Выбрать главу

Мне довелось повидать этих ребят, разговаривать с ними и до суда, и после. Побеседовал я и с людьми, которые по долгу службы приняли участие в судьбе этих несовершеннолетних.

— Странные ребята! — сказала о похитителях сейфов сотрудник инспекции по делам несовершеннолетних Зина Фролова. Сказала и улыбнулась рискованности такой характеристики. — Самому старшему из них семнадцать, остальным в среднем по четырнадцать. Бывают, конечно, и в четырнадцать законченные преступники, но эти остались детьми.

— Хороши детишки!

— Знаете, когда человеку четырнадцать, он еще не очень соизмеряет, допустим, свое возмущение чем-то с формой протеста, которую выбирает. Чаще всего предпочтение отдается рискованной, необычной форме. Вот например, один из преступников — Андрей... Отчим пьет. Матери не до сына, она вдруг заторопилась жить. У парнишки не нашлось в доме даже угла, где бы он мог делать уроки. О нем попросту забыли. «Ах, так! — сказал он. — Ну хорошо! Вы еще вспомните обо мне». И, действительно, заставил вспомнить о своем существовании, но какой ценой!

Да, несмотря на уродливую форму протеста, за ним стояло самое искреннее, отчаянное желание бросить вызов равнодушию матери, пьянству отчима, всему тому образу жизни, который они навязывали Андрею. В последнее время он общался только с товарищами по двору — они его понимали, сочувствовали ему. И когда эти товарищи отправились за первым сейфом в соседний магазинчик, естественно, он не мог оставить их в столь «трудном испытании». И можно не сомневаться: за этим стояло явно искаженное понимание товарищества, ложное понимание взаимовыручки. В таком возрасте лучшими поступками кажутся самые крайние, на грани возможного, допустимого. «Опасность? Чем больше, тем лучше. Риск? Ну и ладно»! — Так или приблизительно так рассуждают подростки.

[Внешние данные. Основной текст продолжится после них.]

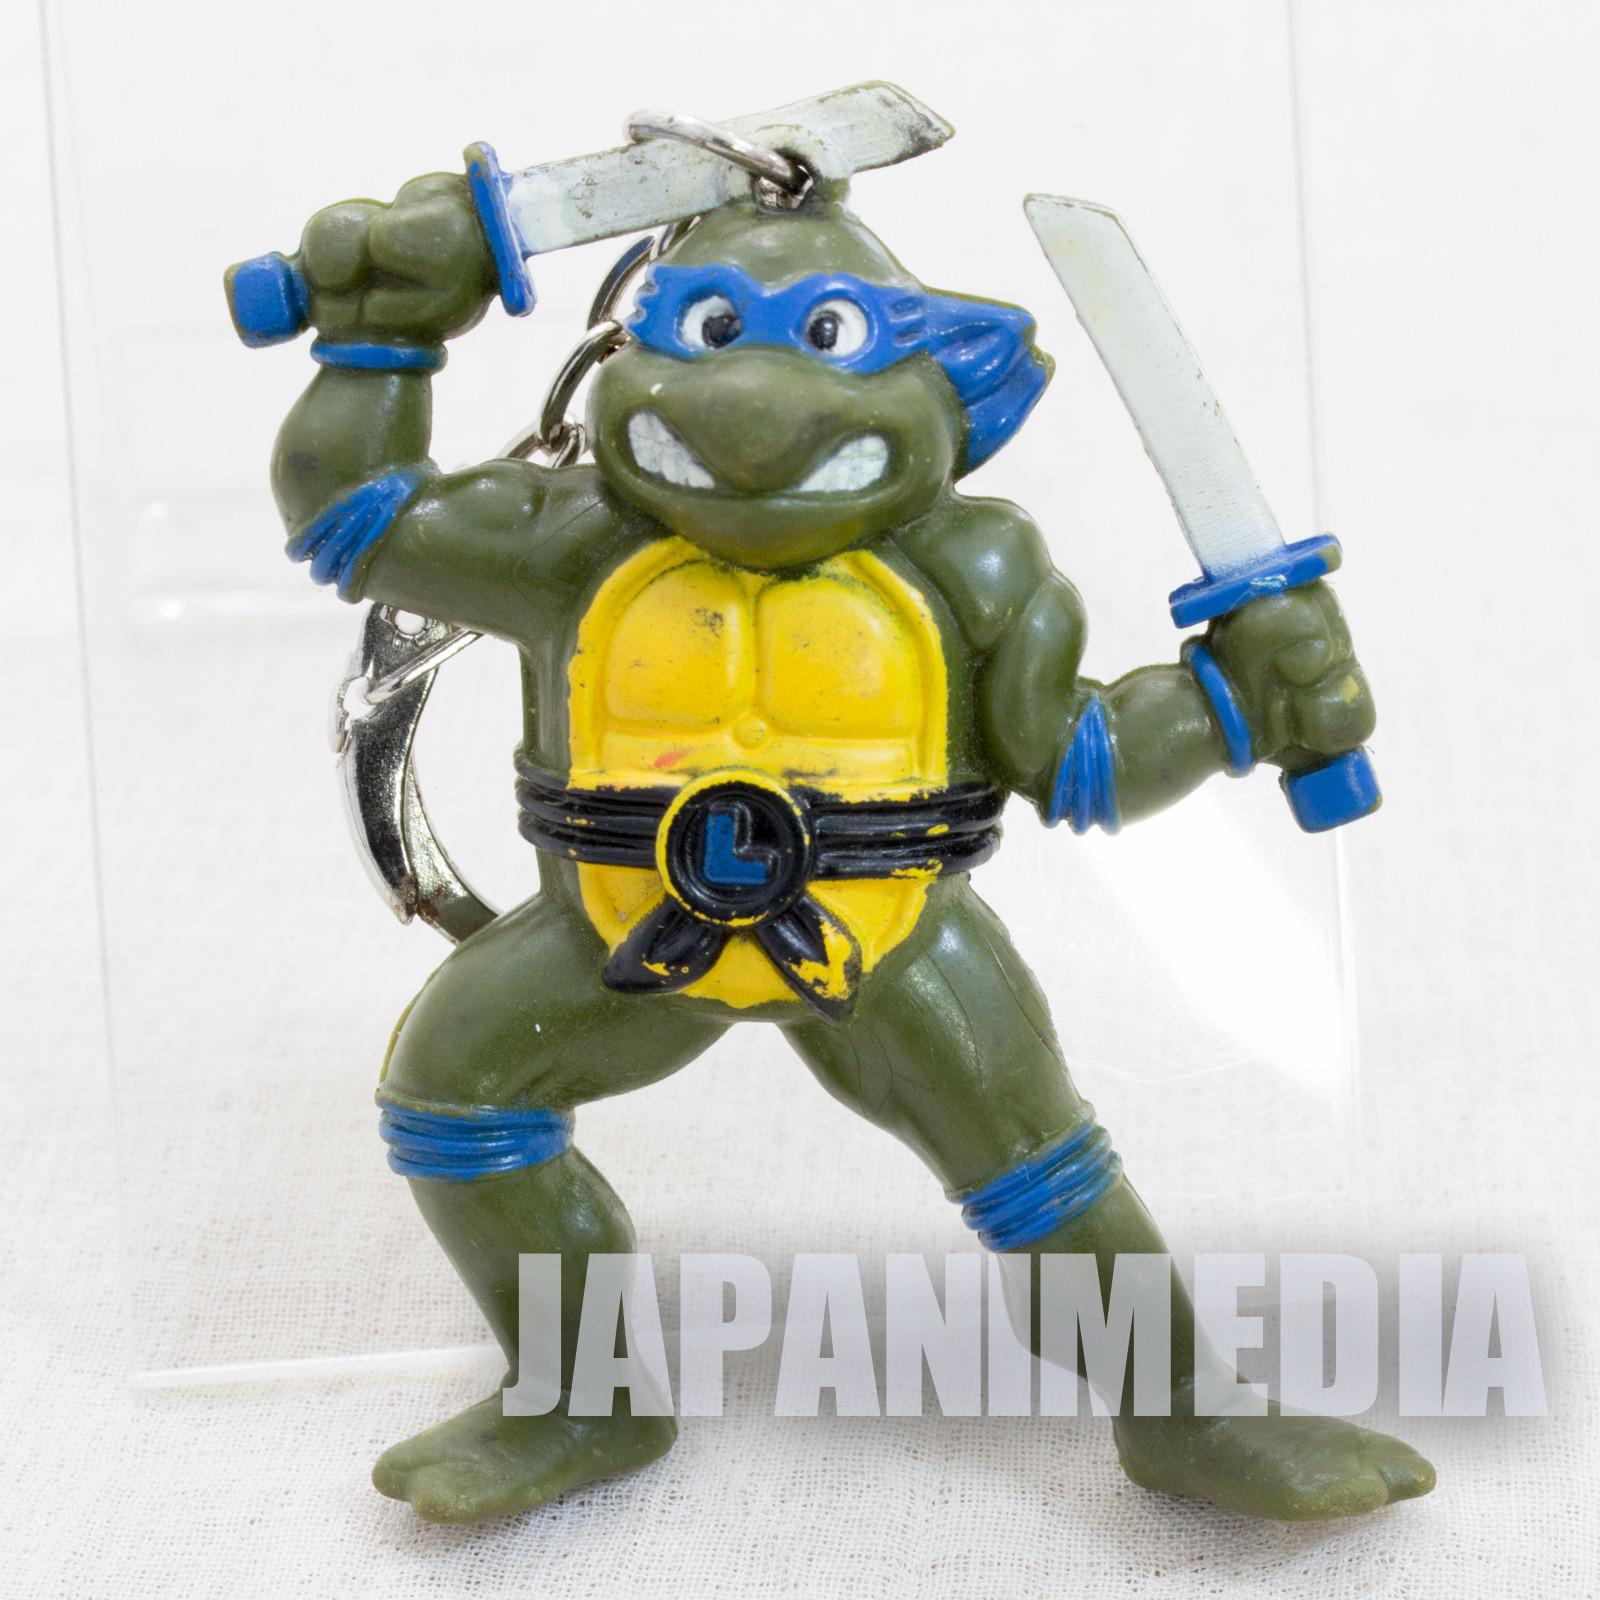 Retro RARE TMNT Teenage Mutant Ninja Turtles Leonardo Figure Key Chain 1994

Еще один похититель сейфов — Саша. Робкий мальчик с прямыми светлыми волосами и конопушками на носу. За всю свою жизнь — тринадцать лет — он, по общим заверениям, не получил ни одного серьезного нагоняя от родителей или учителей. Сам откровенно признался, что нет на его счету ни одного разбитого окна, украденного яблока из соседского сада, ни одного расквашенного носа. Однако за сейфами он все-таки пошел.

— Как же так, Саша?— спрашиваю его. — Зачем тебе эти сейфы понадобились?

Молчит, грызет ногти, смотрит куда-то в угол.

— Объясни, пожалуйста.

— Да на кой они мне... Ребята пошли, неудобно отказаться.

— А если бы отказался?

— Обошлись бы и без меня, — Саша передернул плечами.

— Но ты обрадовался, когда тебя позвали?

— Не знаю... Нет, не обрадовался.

— Но ведь ты из них самый младший. Тебе вроде доверие этим предложением оказали, равным признали, верно?

— Мне в форточку легче пролезть, поэтому и позвали...

Всего на две недели Саша был оставлен без родительского присмотра. Папа и мама поехали отдыхать к морю и вернулись в город по вызову следователя.

Как объяснить столь быстрое превращение обычного, даже примерного подростка в преступника, готового пойти на что угодно, лишь бы его не сочли трусом, слабаком. Ведь мальчишки не за яблоками по садам лазали, не веревки бельевые обрезали на чердаках — они сразу принялись за сейфы. В этом при желании можно увидеть и полнейшее пренебрежение к нашим нравственным ценностям.

Трудно поверить, чтобы у того же Саши не мелькнула мысль сбежать, нырнуть в первую же подворотню, когда удалая компания шла за первым сейфом. Ведь он неизбежно должен был испытывать страх, неуверенность как следствие чувства самосохранения, не говоря уже о нормальном, человеческом неприятии воровства.

И я спросил, боялся ли он.

— Конечно, боялся. Чего там... Даже раздражение кожи началось.

— Но идти все же хотелось? Было желание забраться в магазин?

— Какое там желание! Наверняка знал, что попадемся.

— И другие знали?

— Знали.

— Почему же пошли? Ты вот, например, почему пошел?

— Говорю же — неудобно было отказаться. Нашлась бы хорошая причина — отказался бы.

— А какая причина хорошая?

— Ну... К примеру, родители бы вернулись и не пустили на улицу, руку бы сломал или ногу подвернул. А так... Не было у меня права отказаться. И никто у нас не отказался! — заявил он почти с гордостью и первый раз посмотрел мне прямо в глаза, с вызовом посмотрел.